▸ Exercise objective: The required answer is the data below, restated word for word with images omitted.

====== Dataset excerpt

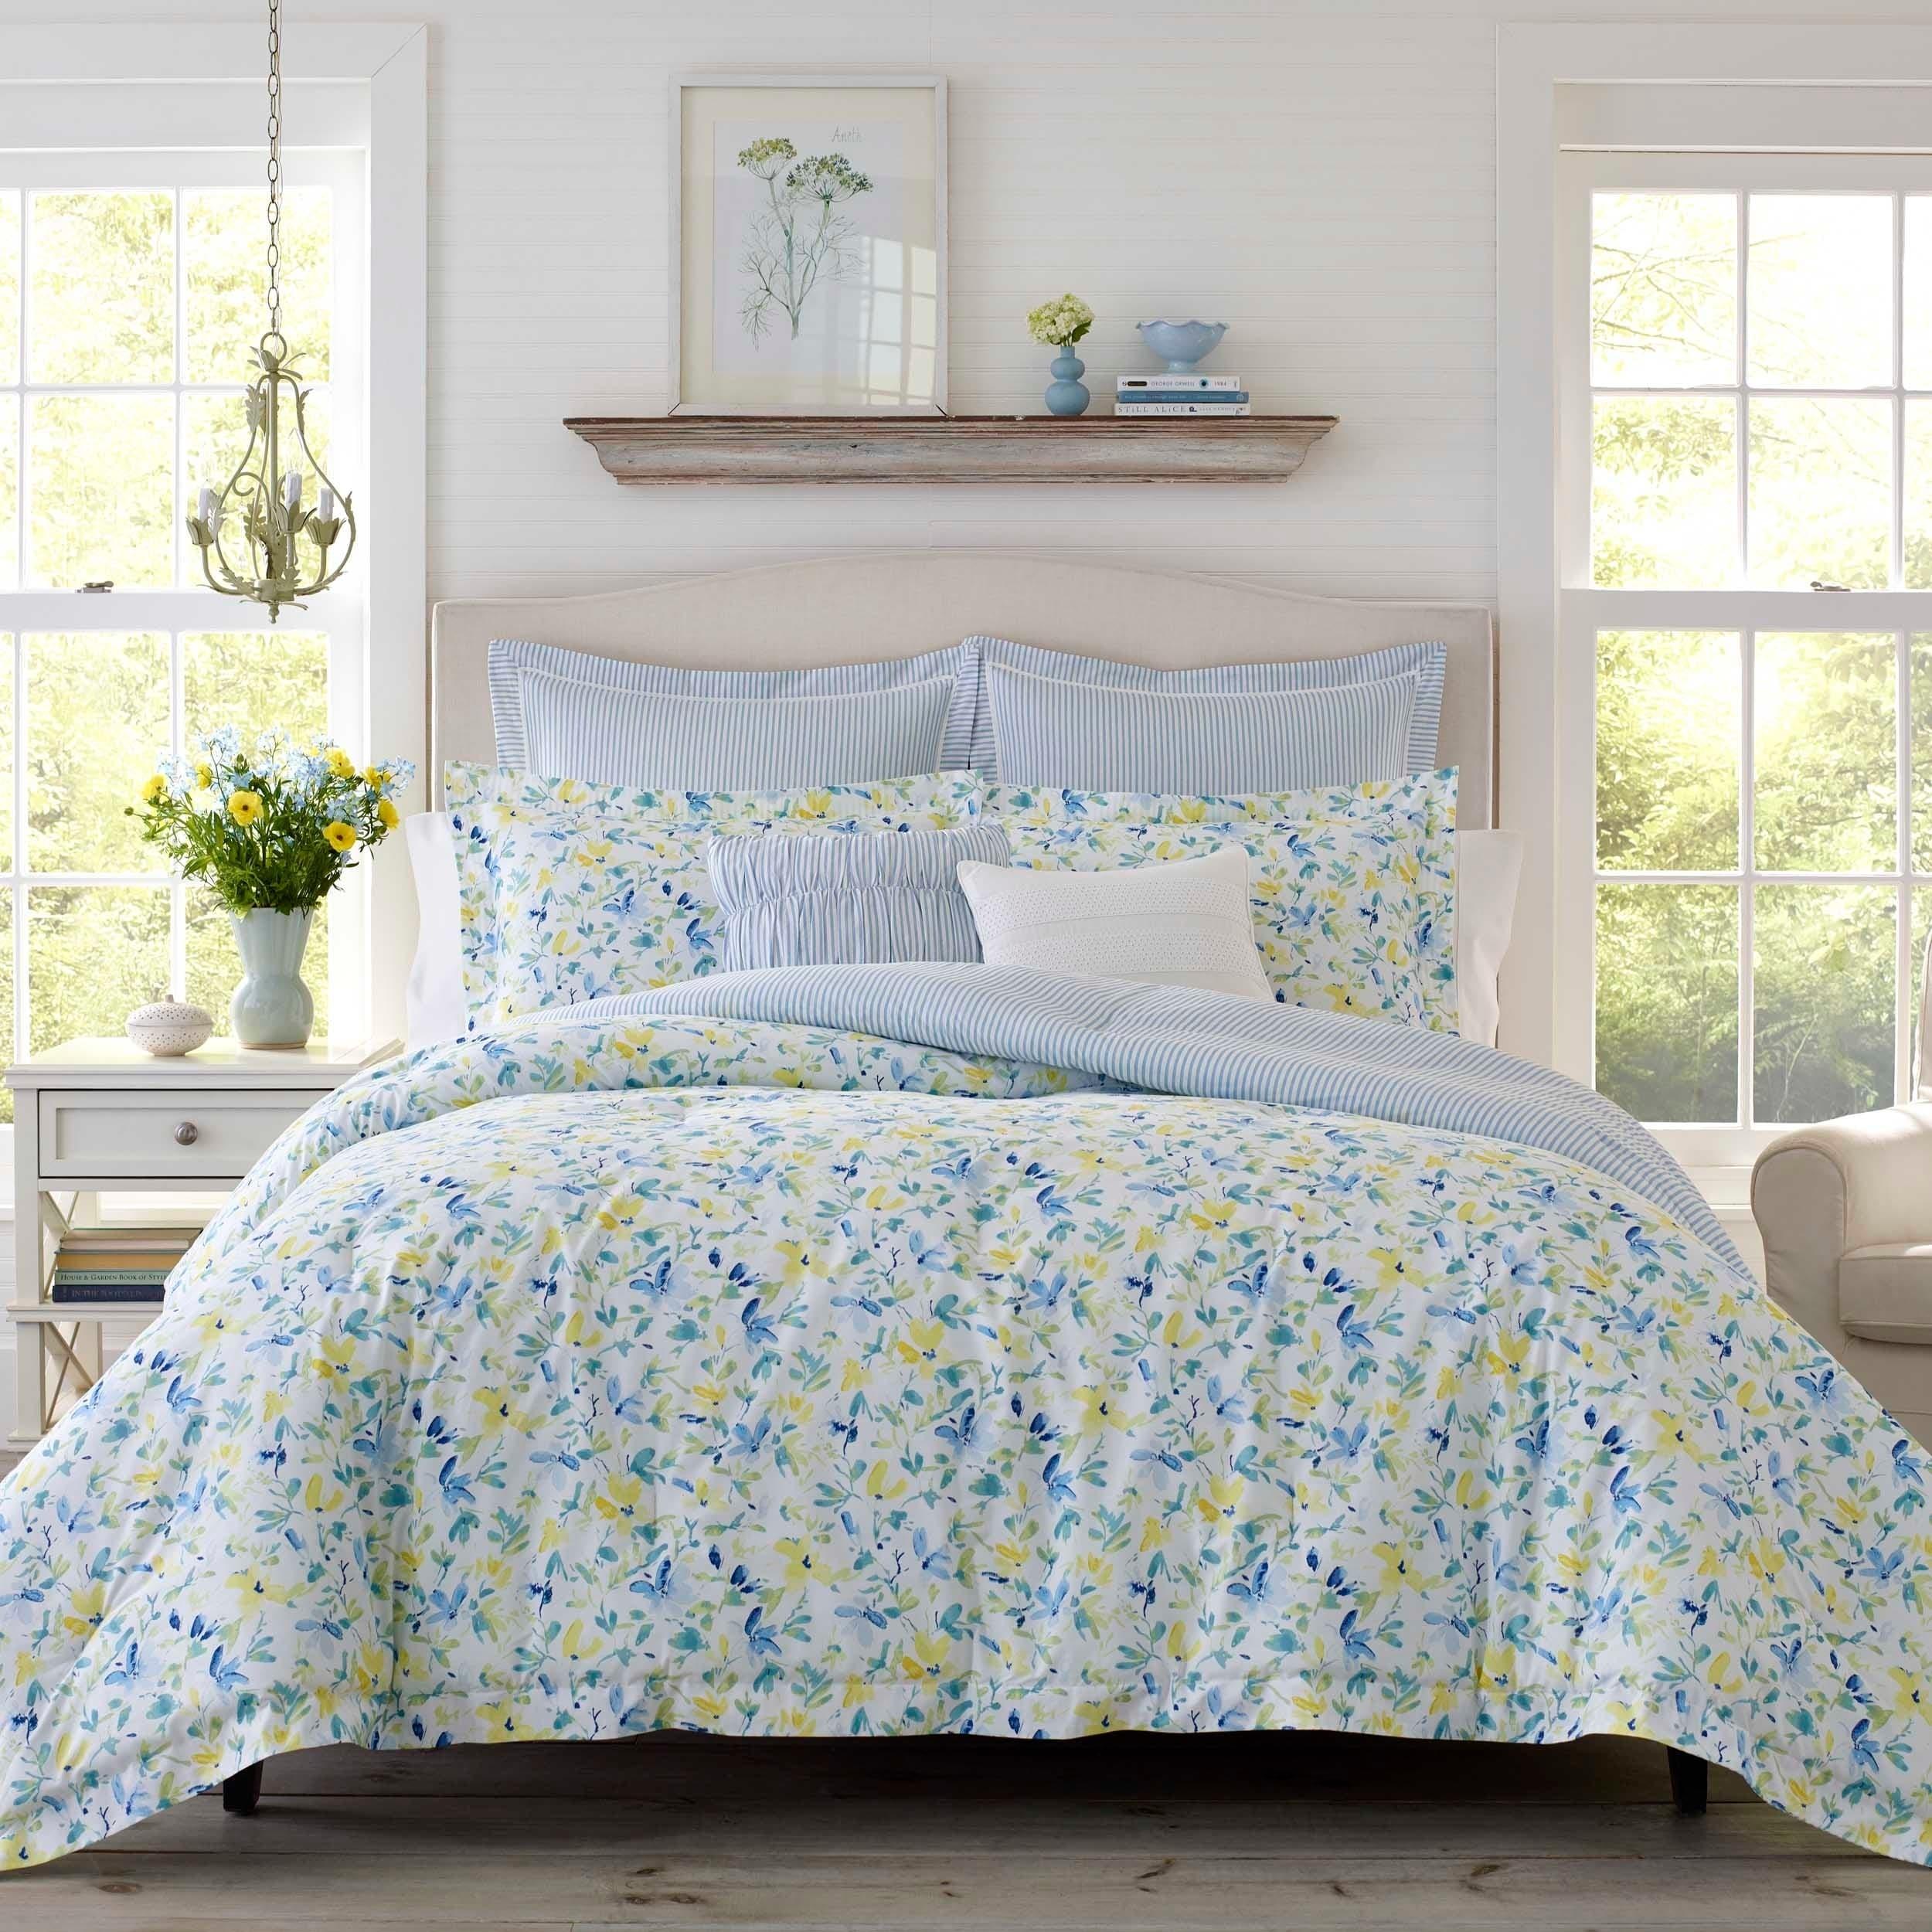 Shop Laura Ashley Nora 7 piece Comforter Set   On Sale   Overstock
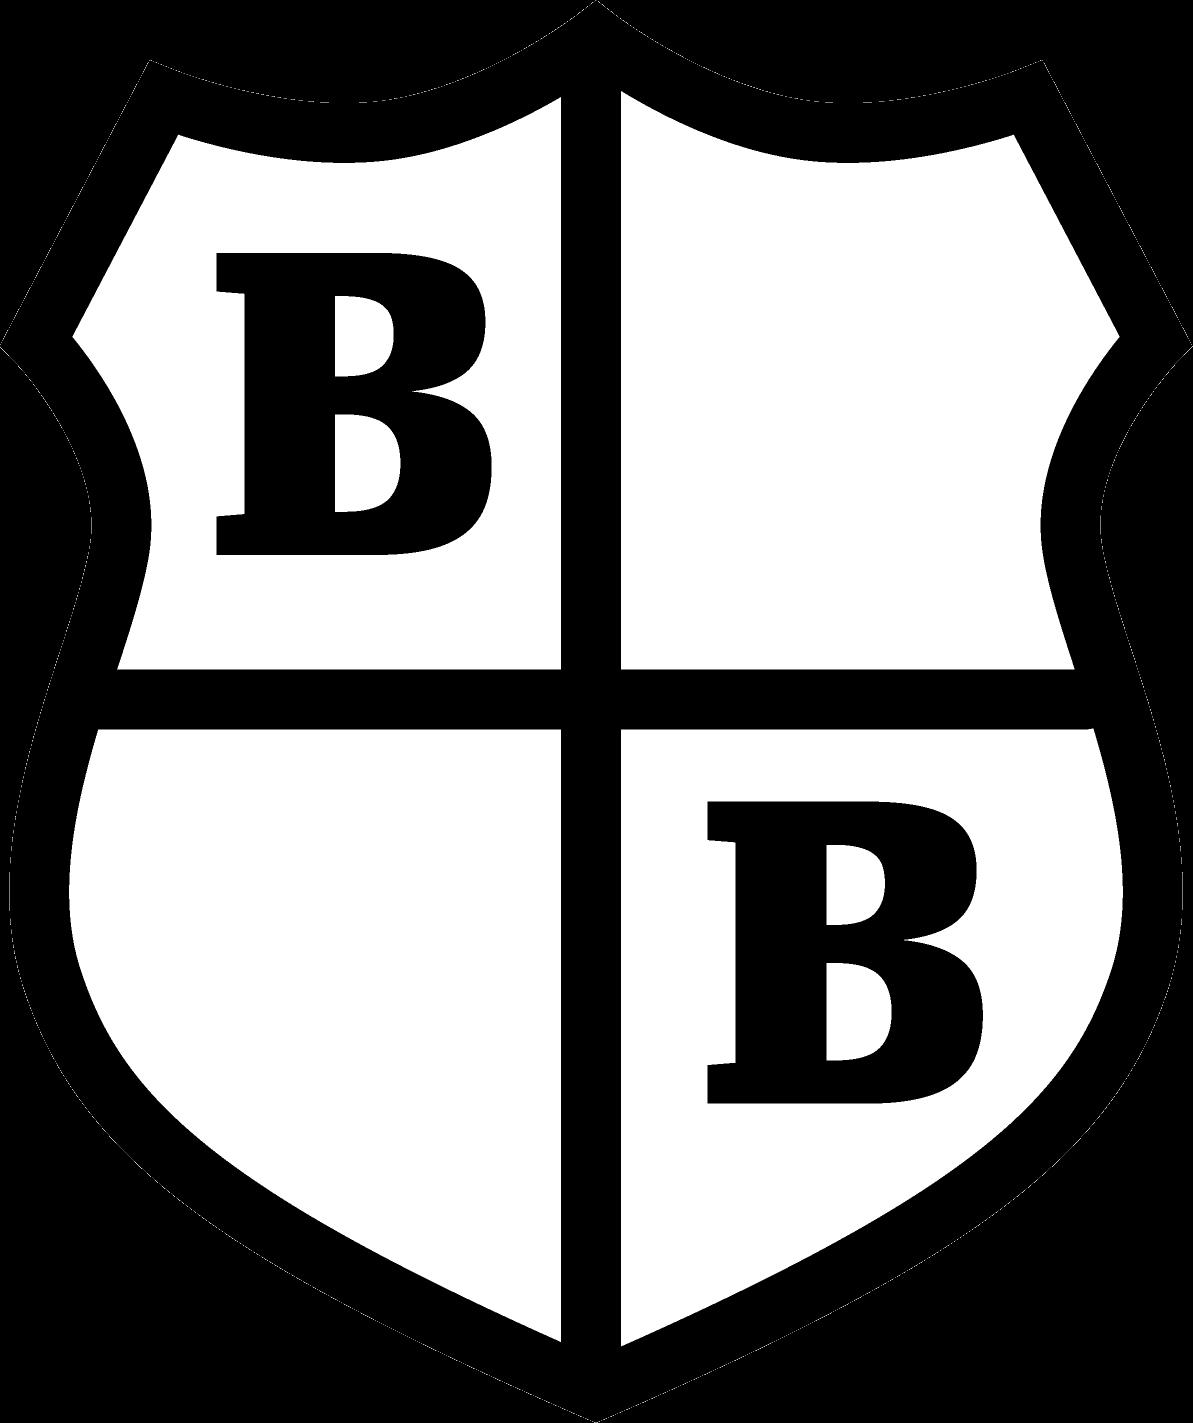 BlacksmithBlades
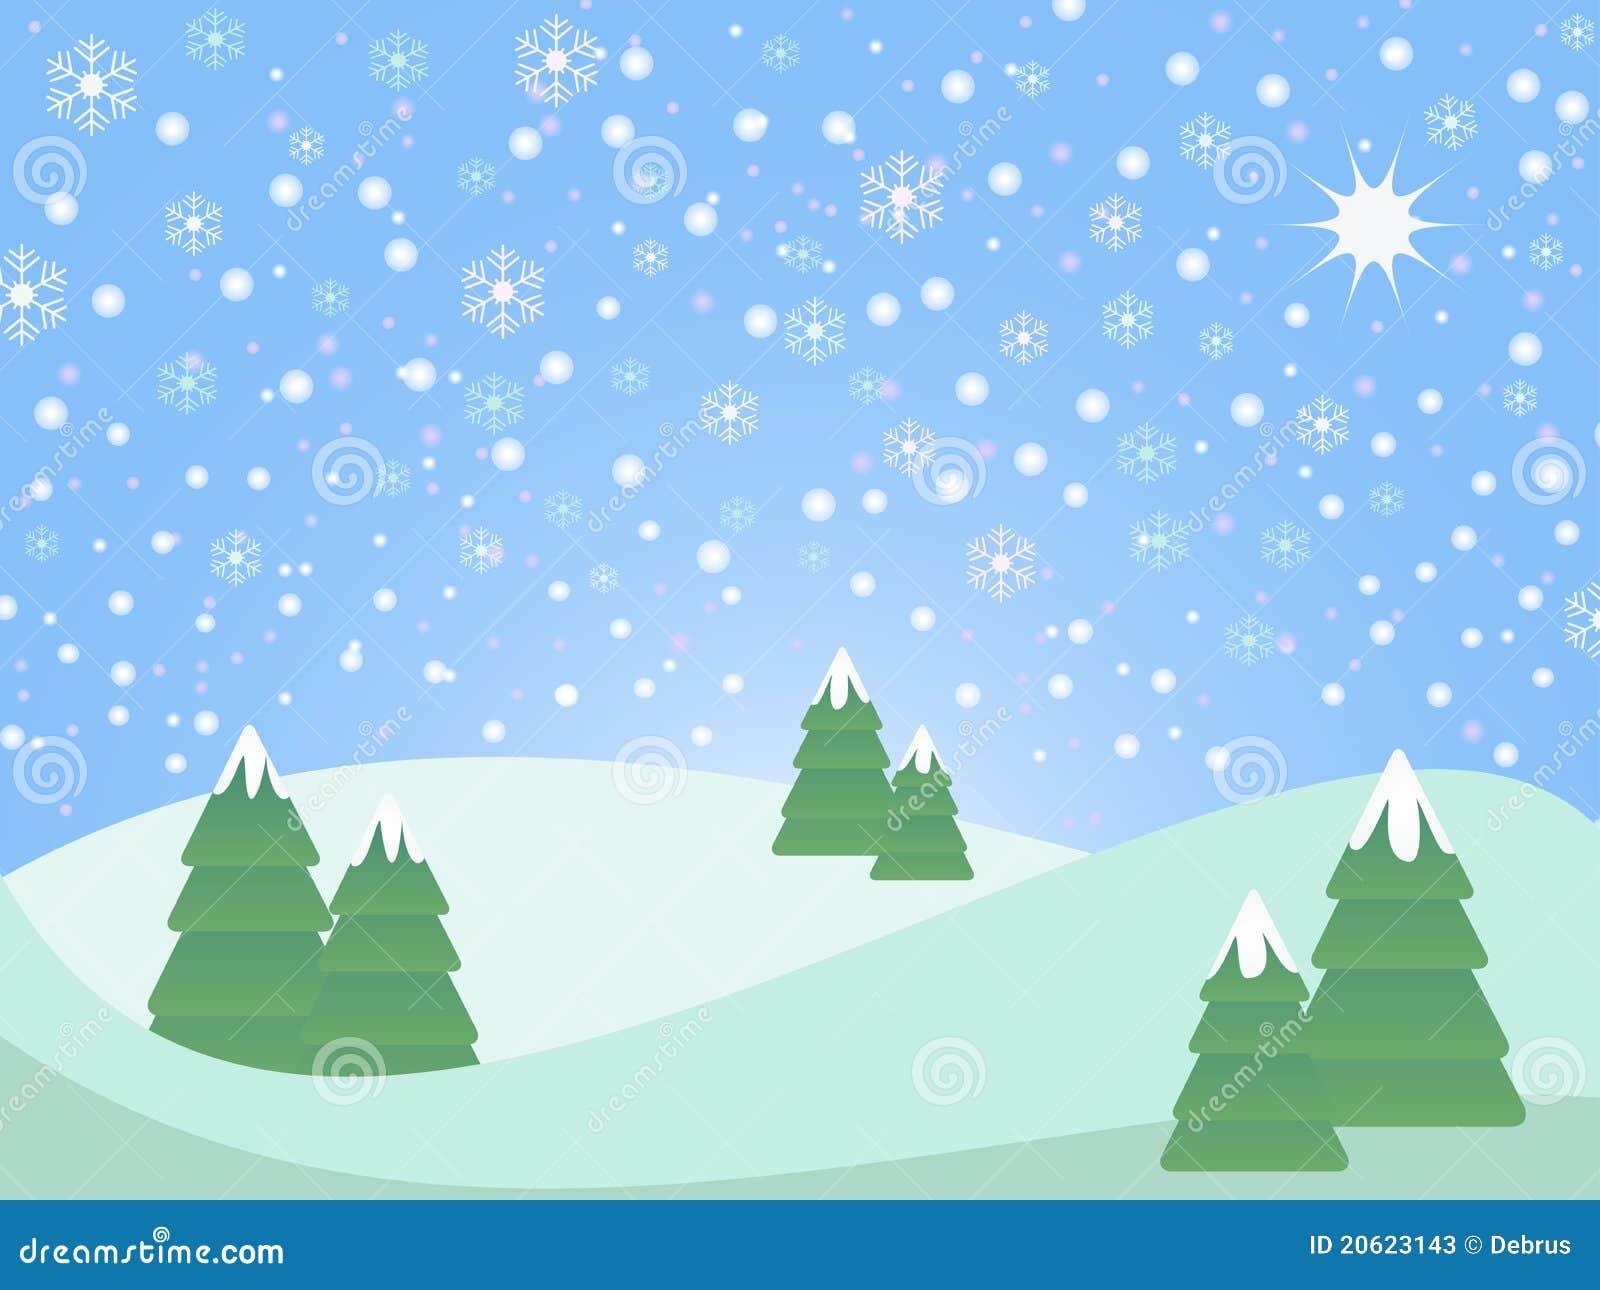 Snowy Christmas Landscape Stock Illustration Illustration Of White

============

▸ Your response:
 Shop Laura Ashley Nora 7 piece Comforter Set   On Sale   Overstock
 BlacksmithBlades
 Snowy Christmas Landscape Stock Illustration Illustration Of White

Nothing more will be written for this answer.